For two-stage operations, serv_bufreg holds data between stages. This data can be the effective address for branches or load/stores or data to be shifted for shift ops. It has a serial output for streaming out results during stage two and a parallel output that forms the dbus address. serv_bufreg also keeps track of the two lsb when calculating addresses. This is used to check for alignment errors. In order to support these different modes, the input to the shift register can come from rs1, the immediate (imm), rs1+imm or looped back from the shift register output. The latter is used for shift operations. For some operations, the LSB of the immediate is cleared before written to the shift register. The two LSB of the shift register are special. When the shift register is loaded, these two get written first before the rest of the register is filled up. This allows the memory interface to check data/address alignment early.

.. image:: serv_bufreg_int.png

serv_bufreg2
^^^^^^^^^^^^

.. image:: serv_bufreg2.png

serv_bufreg2 is a 32-bit buffer register with some special features. It is used for shift operations to store the shift amount. It's used in load and store operations to store the data to be written or be read from the data bus, and it holds rs2 for the SERV extension interface. For shift and store operations, the register is shifted in from MSB when dat_en is asserted, while for loads and uses of the extension interface, the whole data word is written to when the i_load signal is asserted. Once the data is in the buffer, it is used differently depending on the operation. For stores and the extension interface the whole buffer is directly connected to the data bus as a 32-bit register. For load operations, the data is fed out serially once it has been fetched from the data bus. To better support load operations of varying sizes the buffer contains logic for reading out data serially from any of the byte LSBs of the 32-bit word. Finally, in shift mode, the 6 LSB of the register is used as a downcounter that is initialized during the init stage and then counts the remaining number of steps to shift the data and signals using sh_done and sh_done_r when finished.

.. image:: serv_bufreg2_int.png

serv_csr
^^^^^^^^

.. image:: serv_csr.png

serv_csr handles CSR accesses and all status related to (timer) interrupts. Out of the eight CSRs supported by SERV, only four resides in serv_csr (mstatus, mie, mcause and mip) and for those registers, SERV only implement the bits required for ecall, ebreak, misalignment and timer interrupts.
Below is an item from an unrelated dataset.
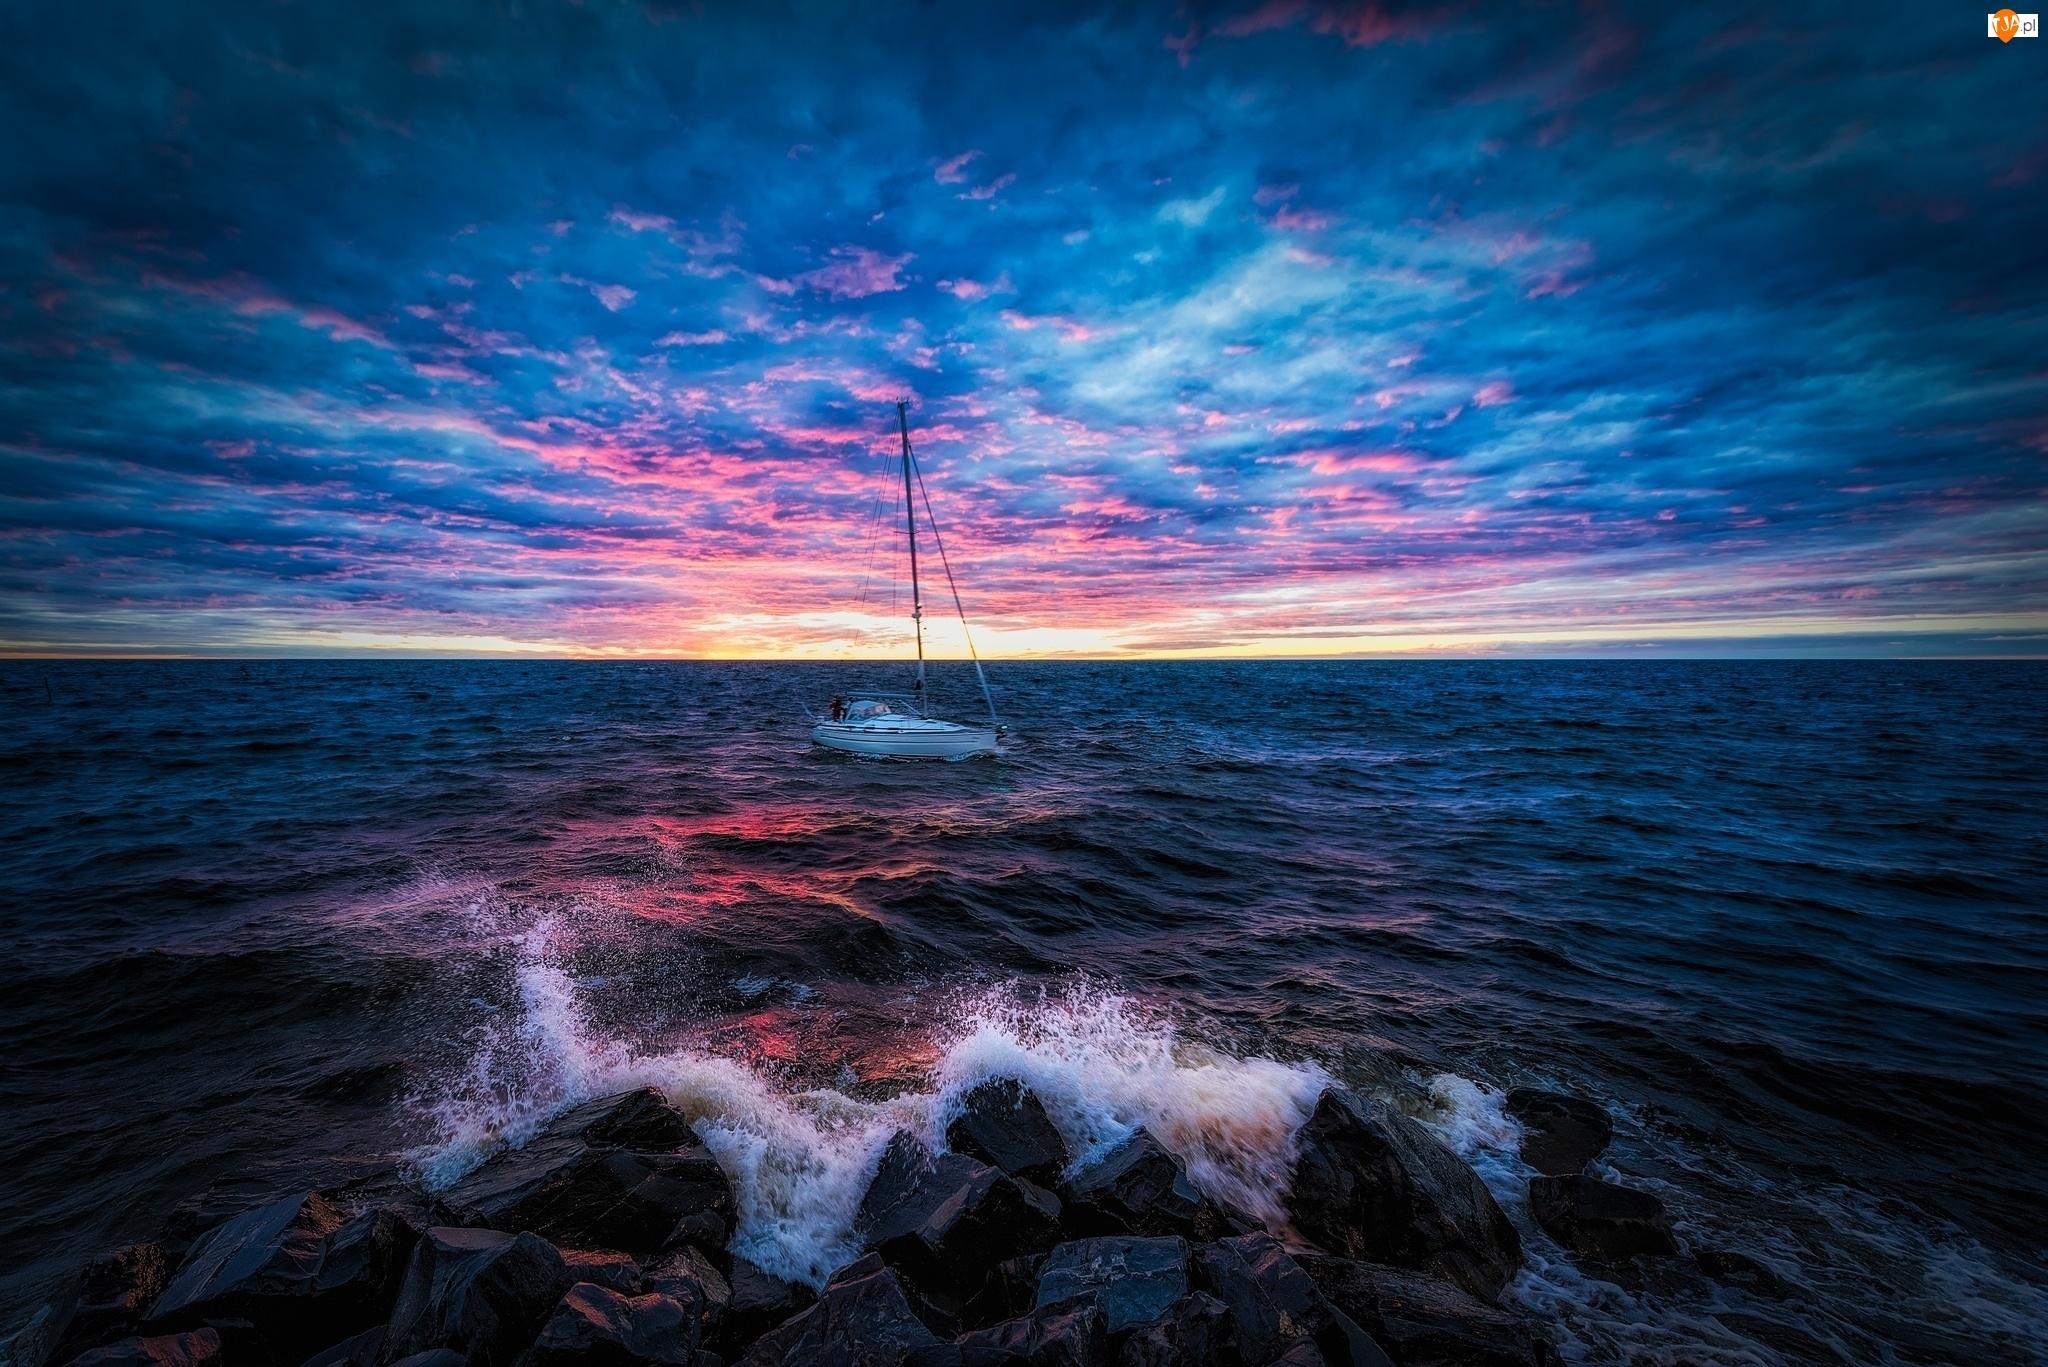 Morze, Niebo, Żaglówka, Kolorowe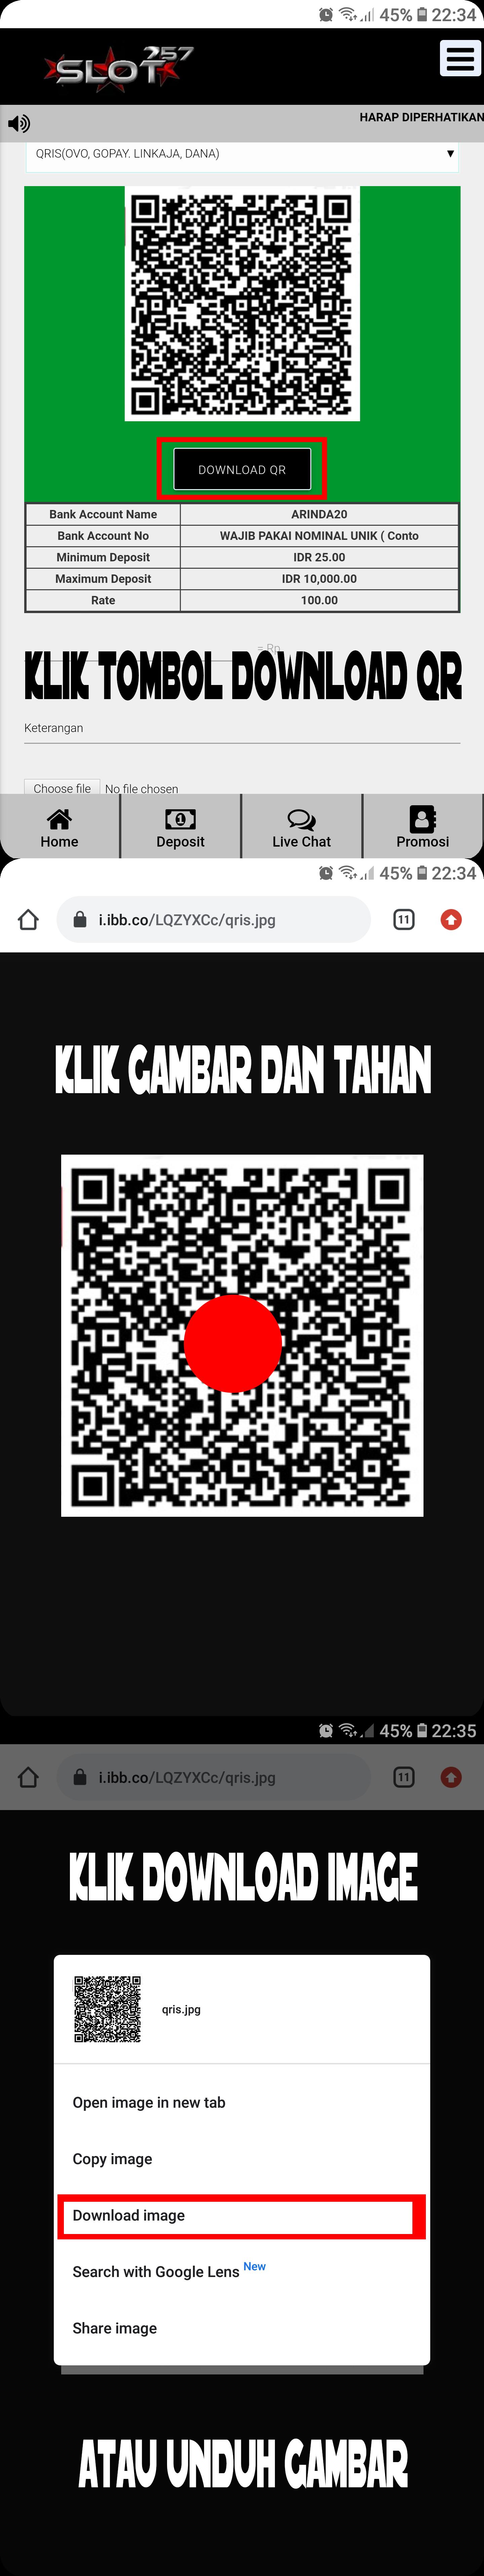 Cara Deposit QRIS Tanpa Scan

The four remaining CSRs are commonly stored in the RF

.. image:: serv_csr_int.png

serv_ctrl
^^^^^^^^^

.. image:: serv_ctrl.png

serv_ctrl keeps track of the current PC and contains the logic needed to calculate the next PC. The PC is stored in shift register with a parallel output connected to the instruction bus.

The new PC can come from three sources. For normal instructions, it is incremented by four, which is the next 32-bit address. Jumps can be absolute or relative to the current PC. Absolute jumps are precalculated in serv_bufreg and written directly to the PC. PC relative jumps have the offset part precalculated in serv_bufreg which gets added to the current PC before storing as the new PC. The third source for the new PC comes from the CSR registers when entering or returning traps.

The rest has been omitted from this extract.